====== Given material ======
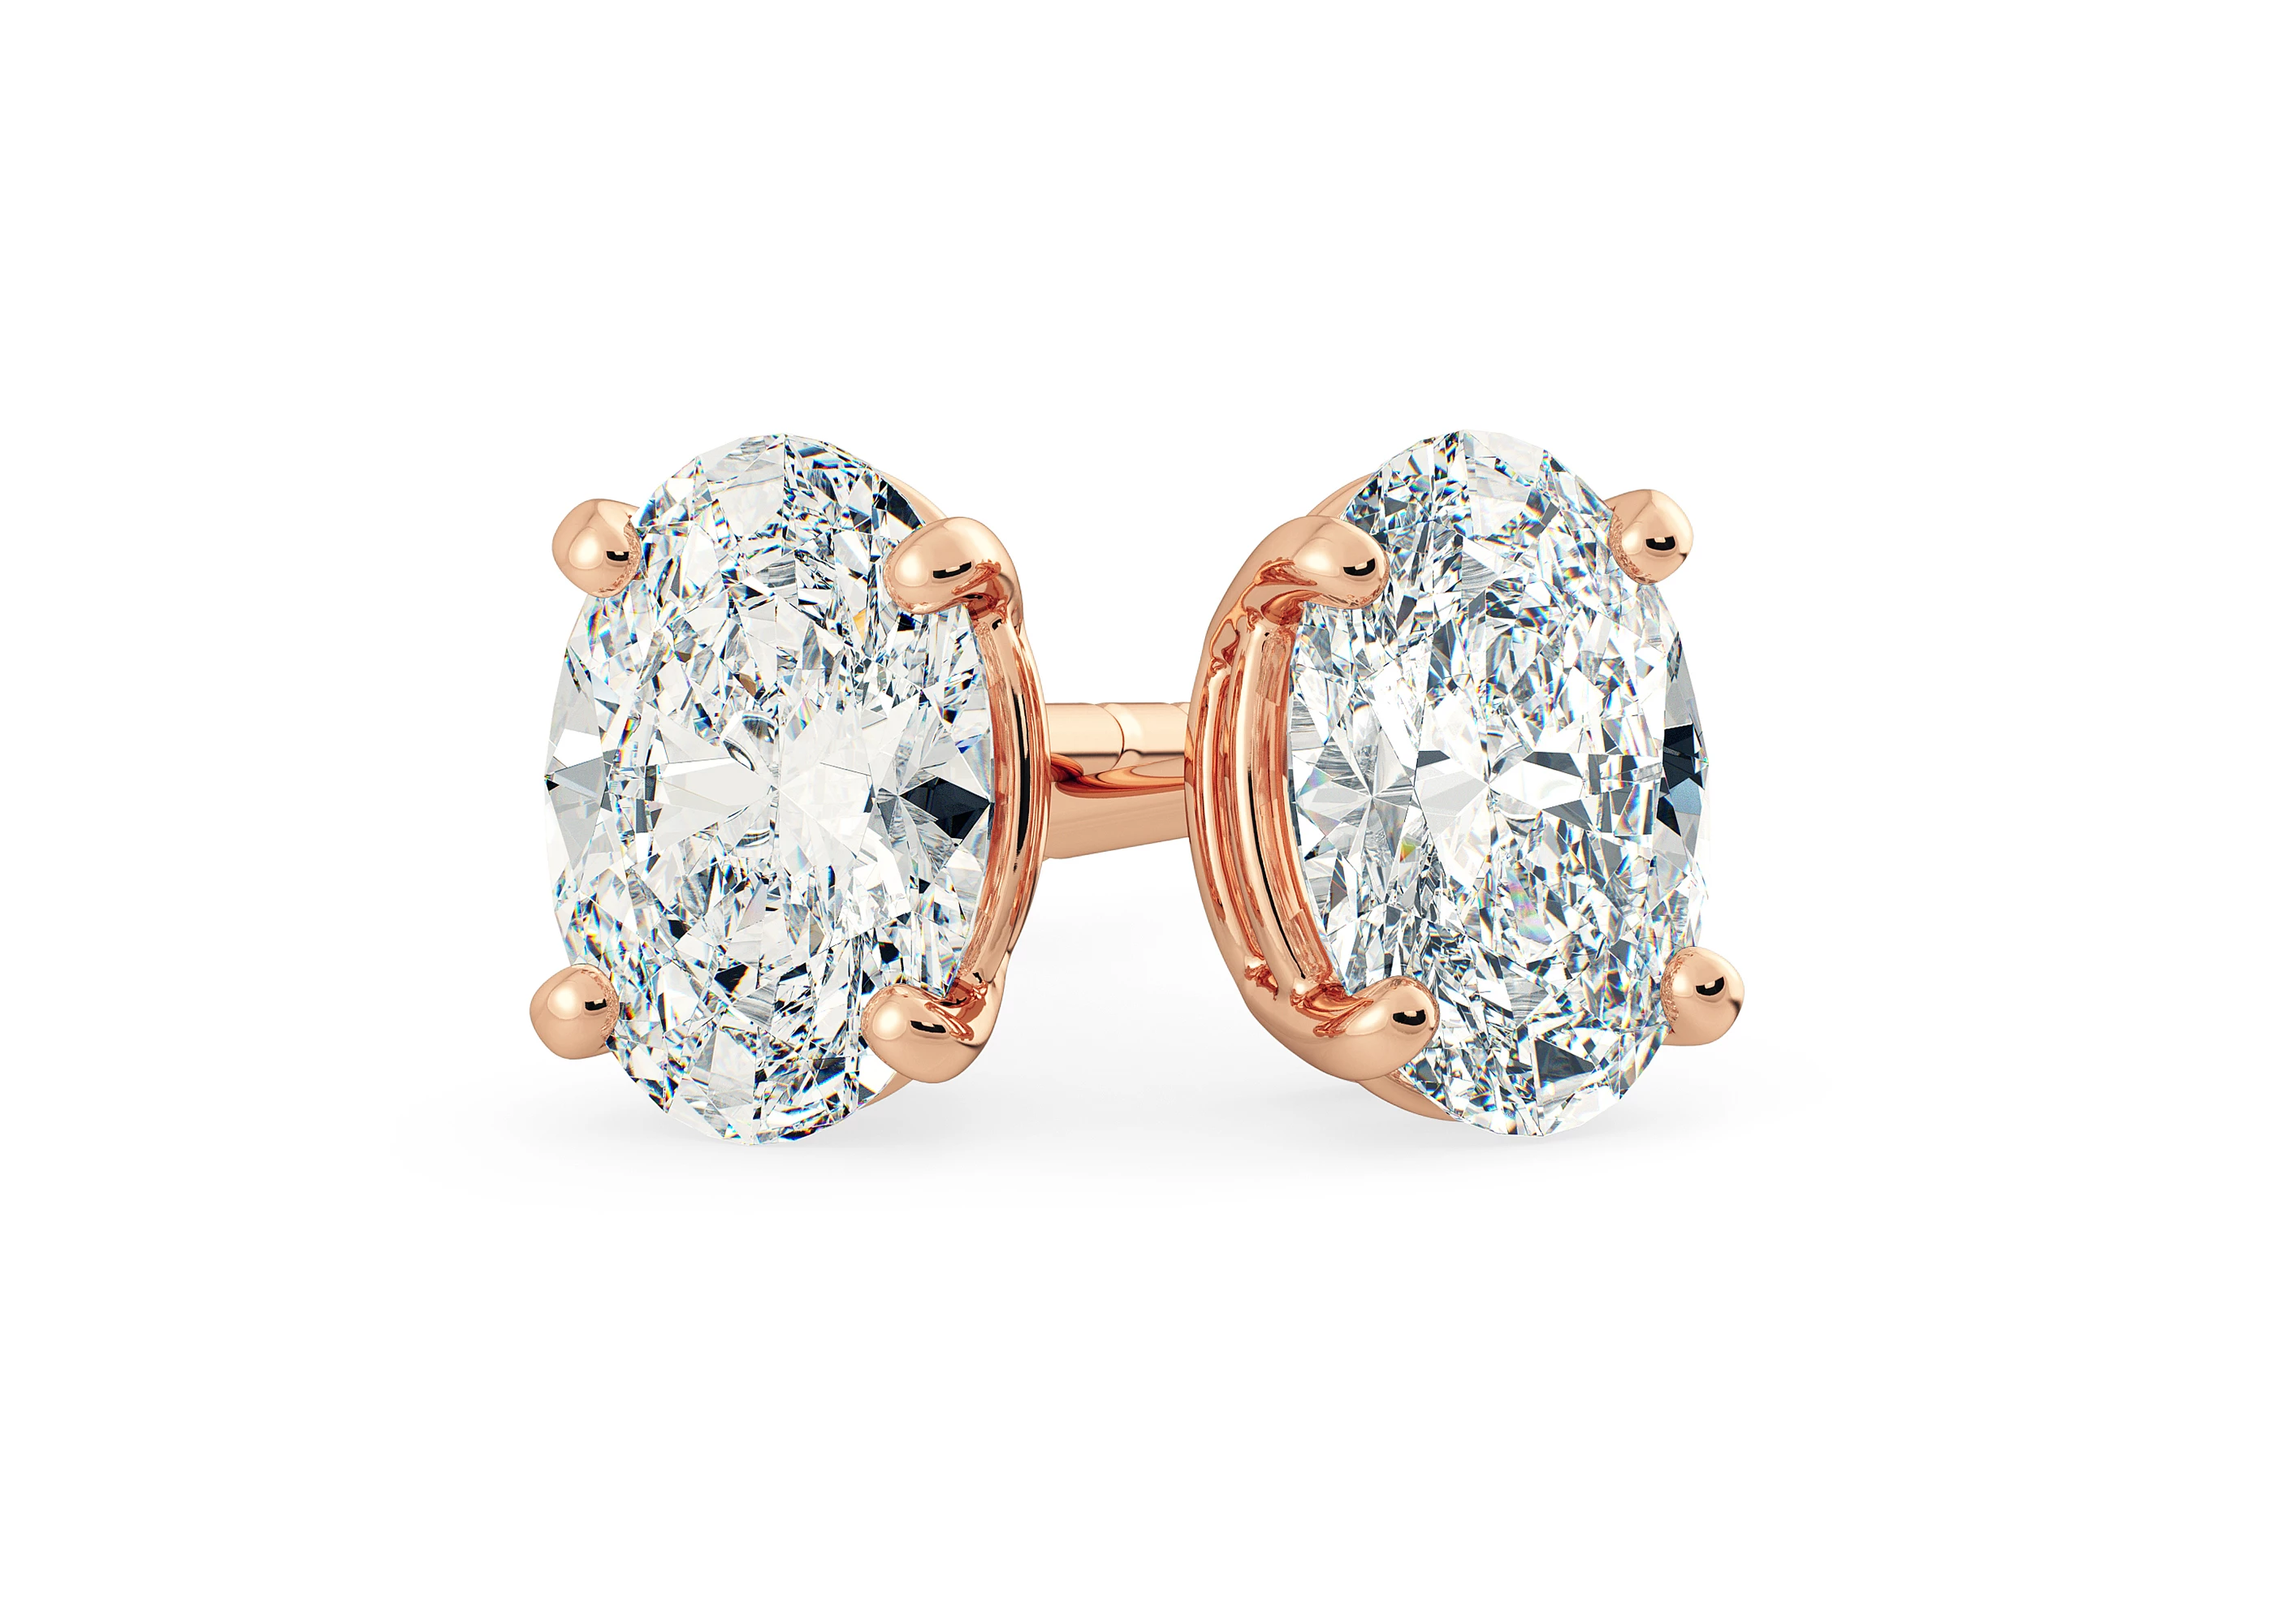 Half Carat Oval Diamond Stud Earrings in 18K Rose Gold
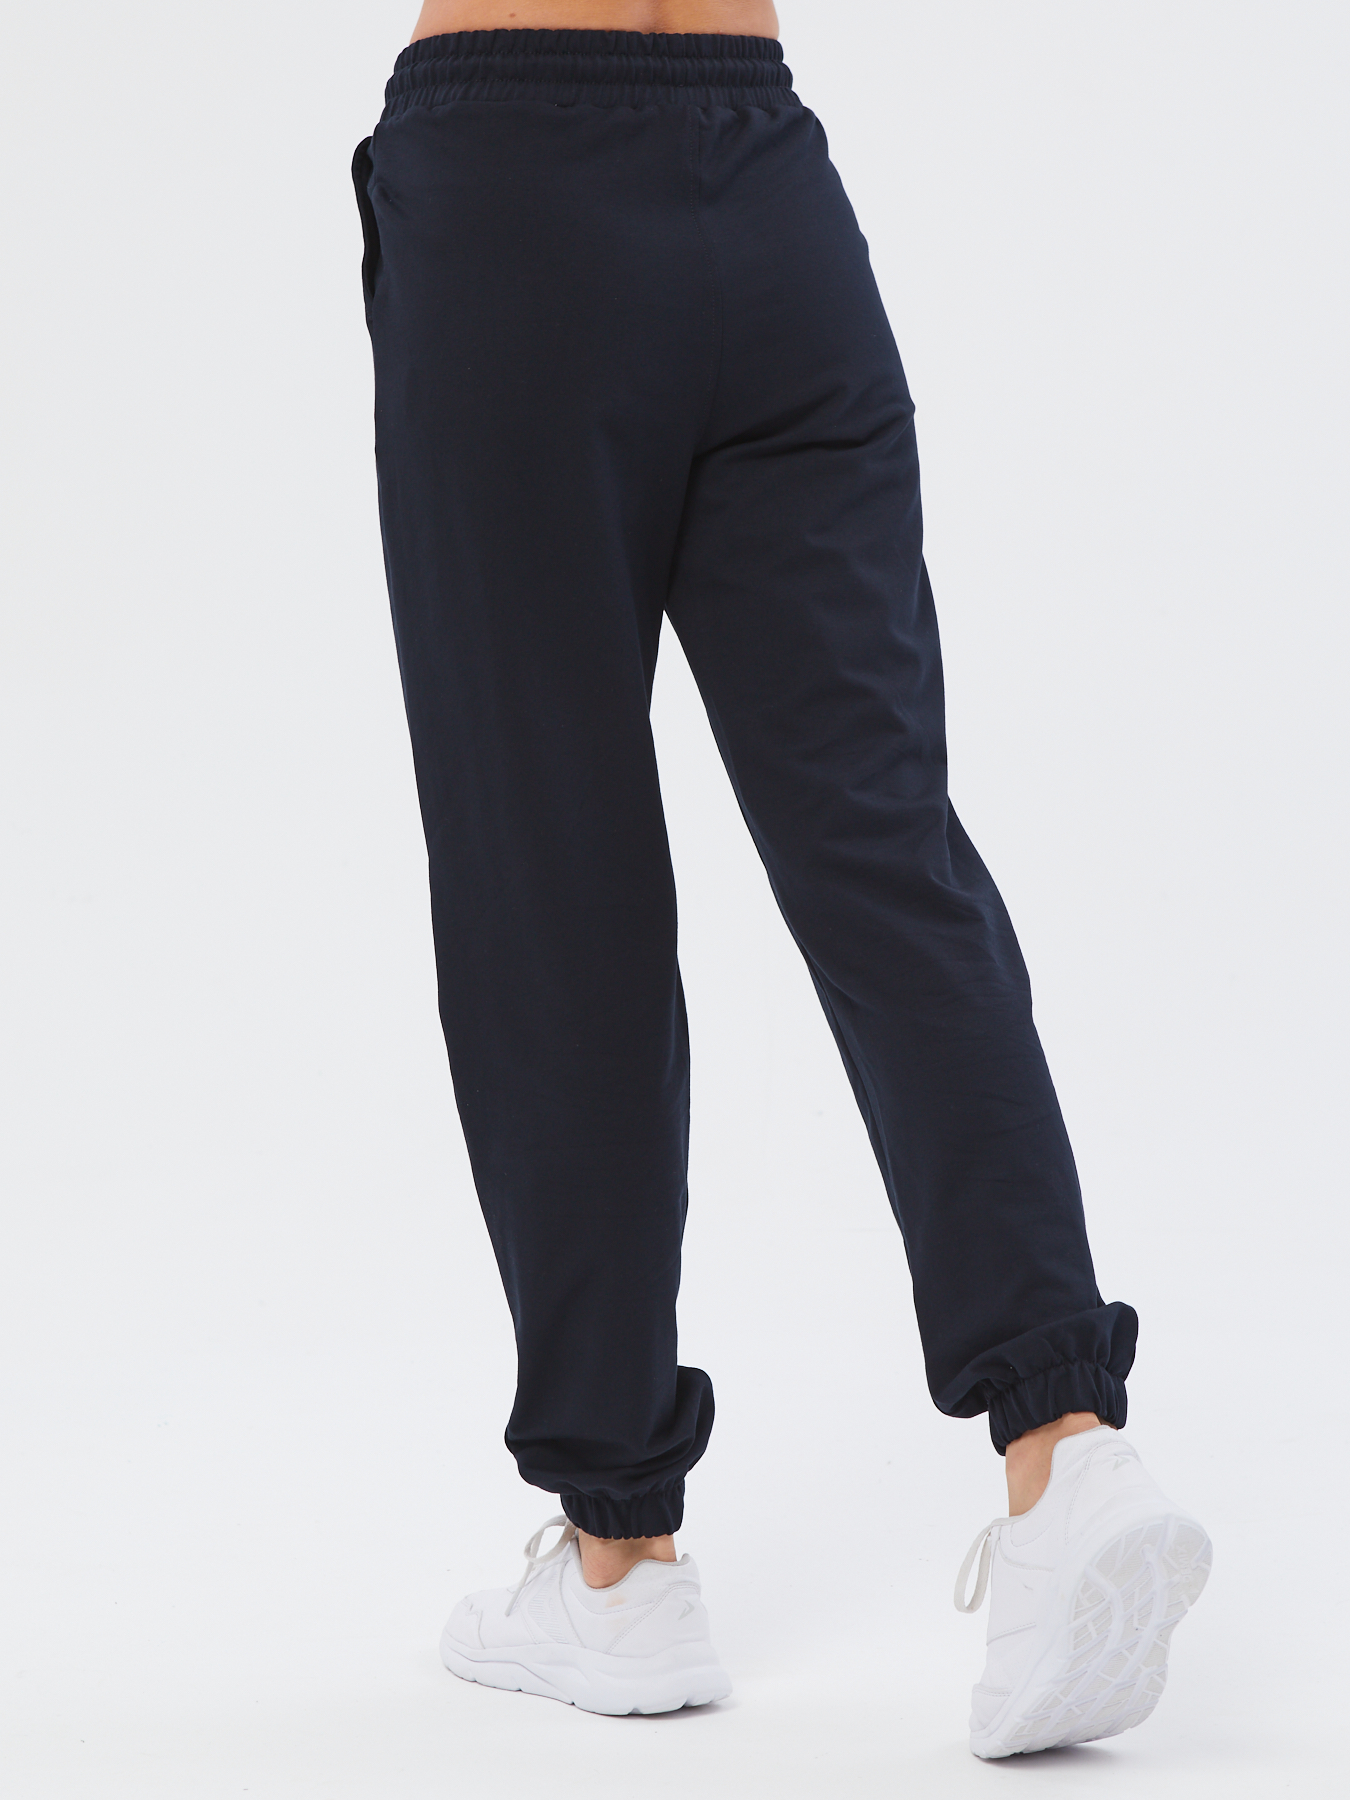 Спортивные брюки женские Still-expert б5 синие 46/165-180
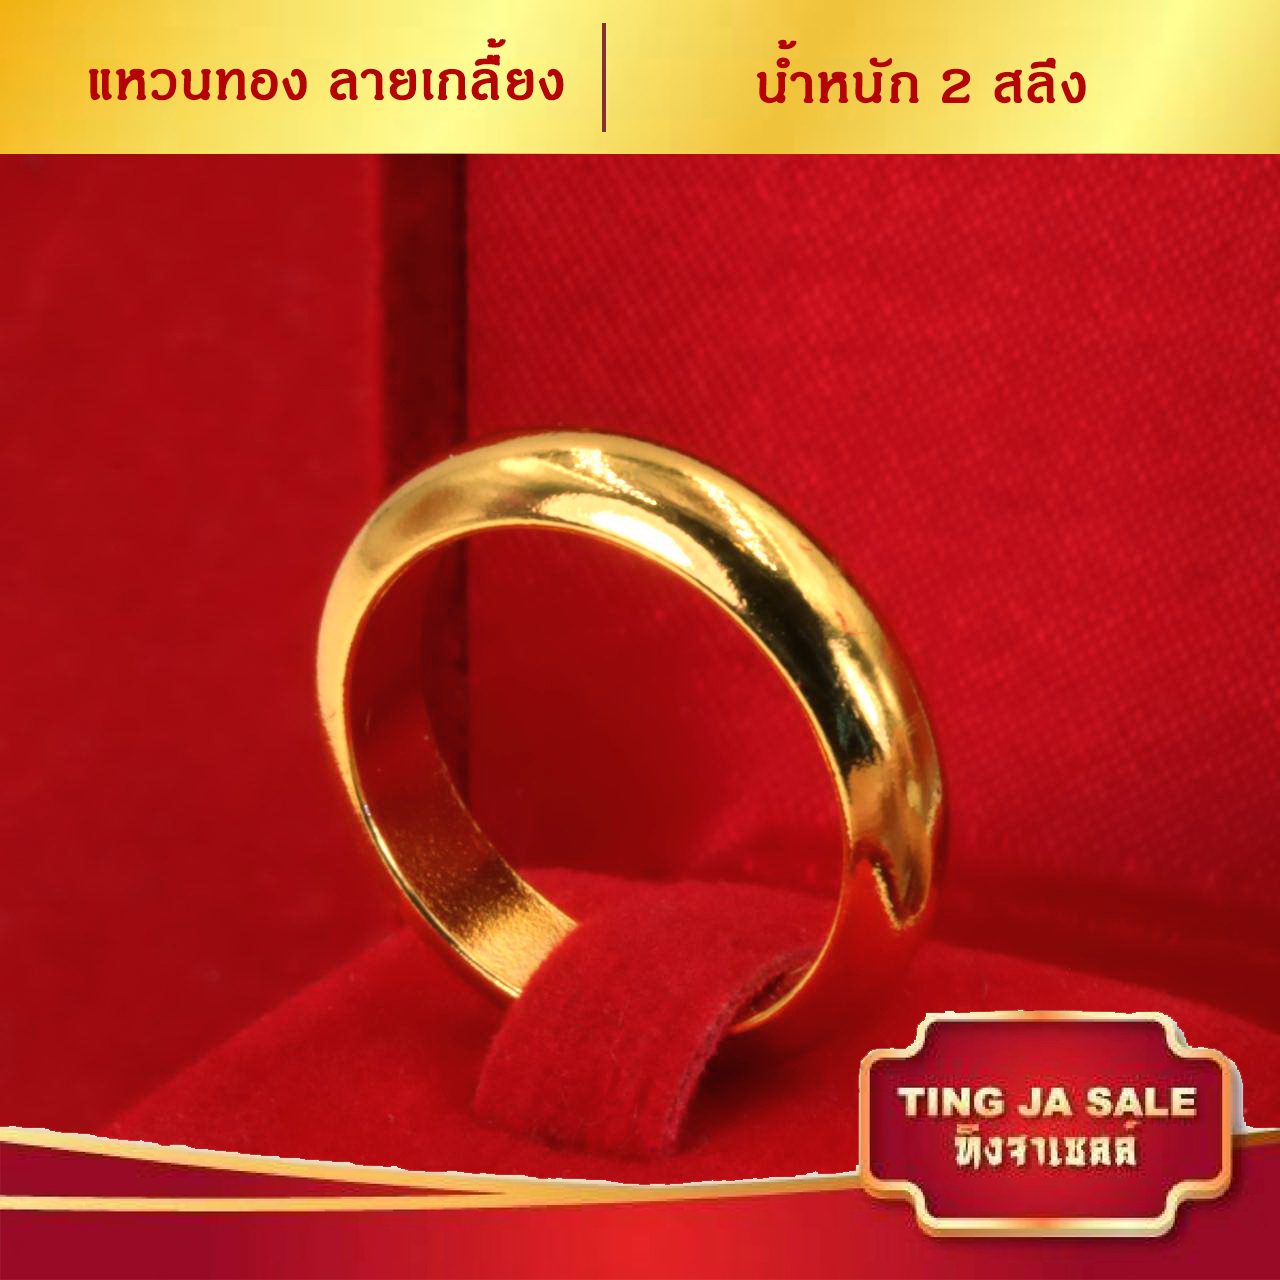 ลดสูงสุด!! วันเดียวเท่านั้น แหวนทอง แหวนทองเกลี้ยง น้ำหนัก 2สลึง ชุบทอง 100% สินค้าขายดี พร้อมส่ง
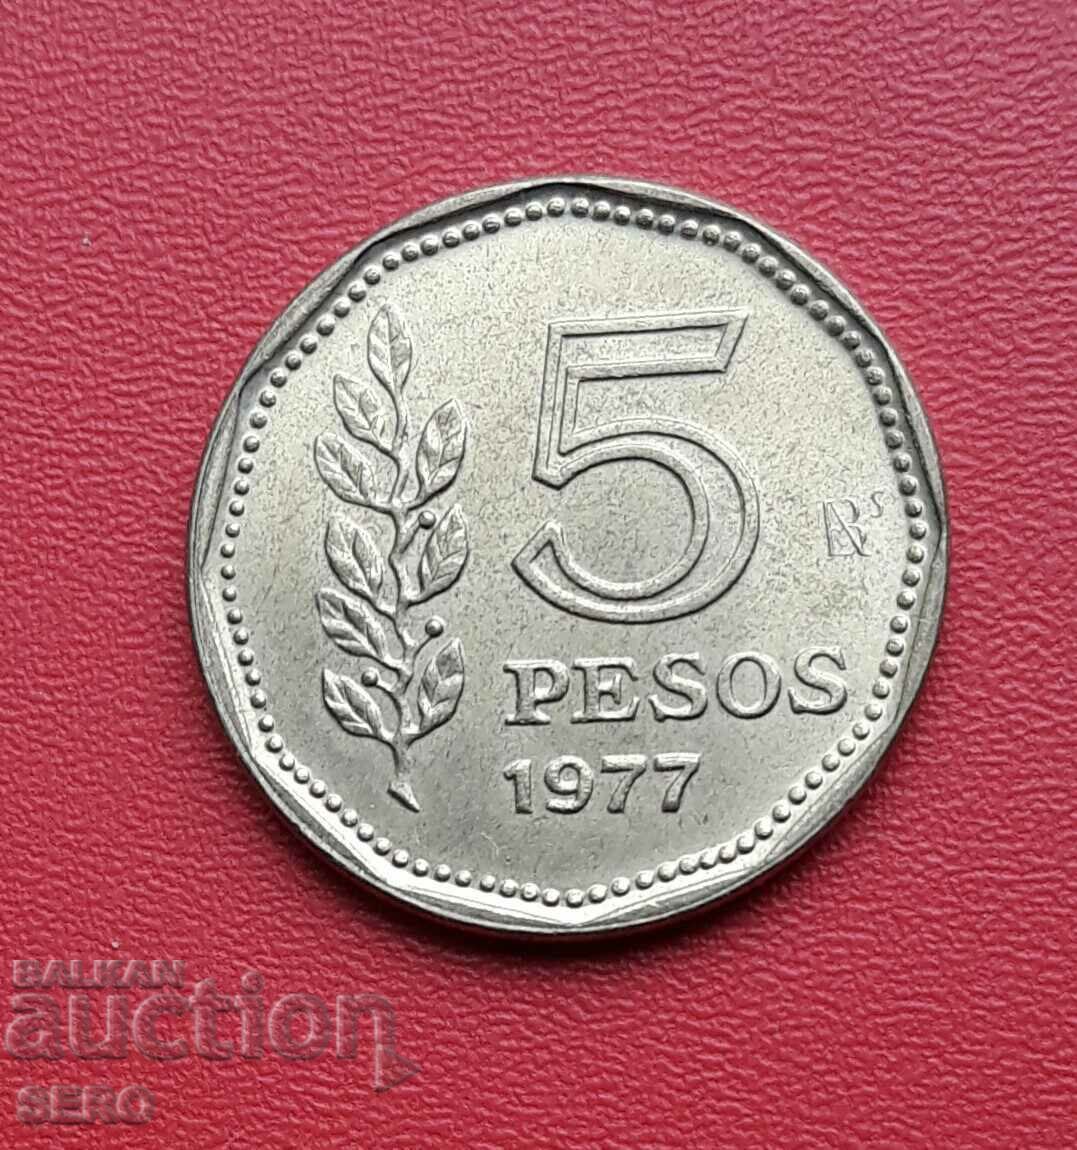 Argentina - 5 pesos 1977
======
§ **Exercise aim**:
Every line of the material above should be repeated exactly, except for the pictures.

§ **Answer to this task**:
 Half Carat Oval Diamond Stud Earrings in 18K Rose Gold
 Спортивные брюки женские Still-expert б5 синие 46/165-180
 ลดสูงสุด!! วันเดียวเท่านั้น แหวนทอง แหวนทองเกลี้ยง น้ำหนัก 2สลึง ชุบทอง 100% สินค้าขายดี พร้อมส่ง
 Argentina - 5 pesos 1977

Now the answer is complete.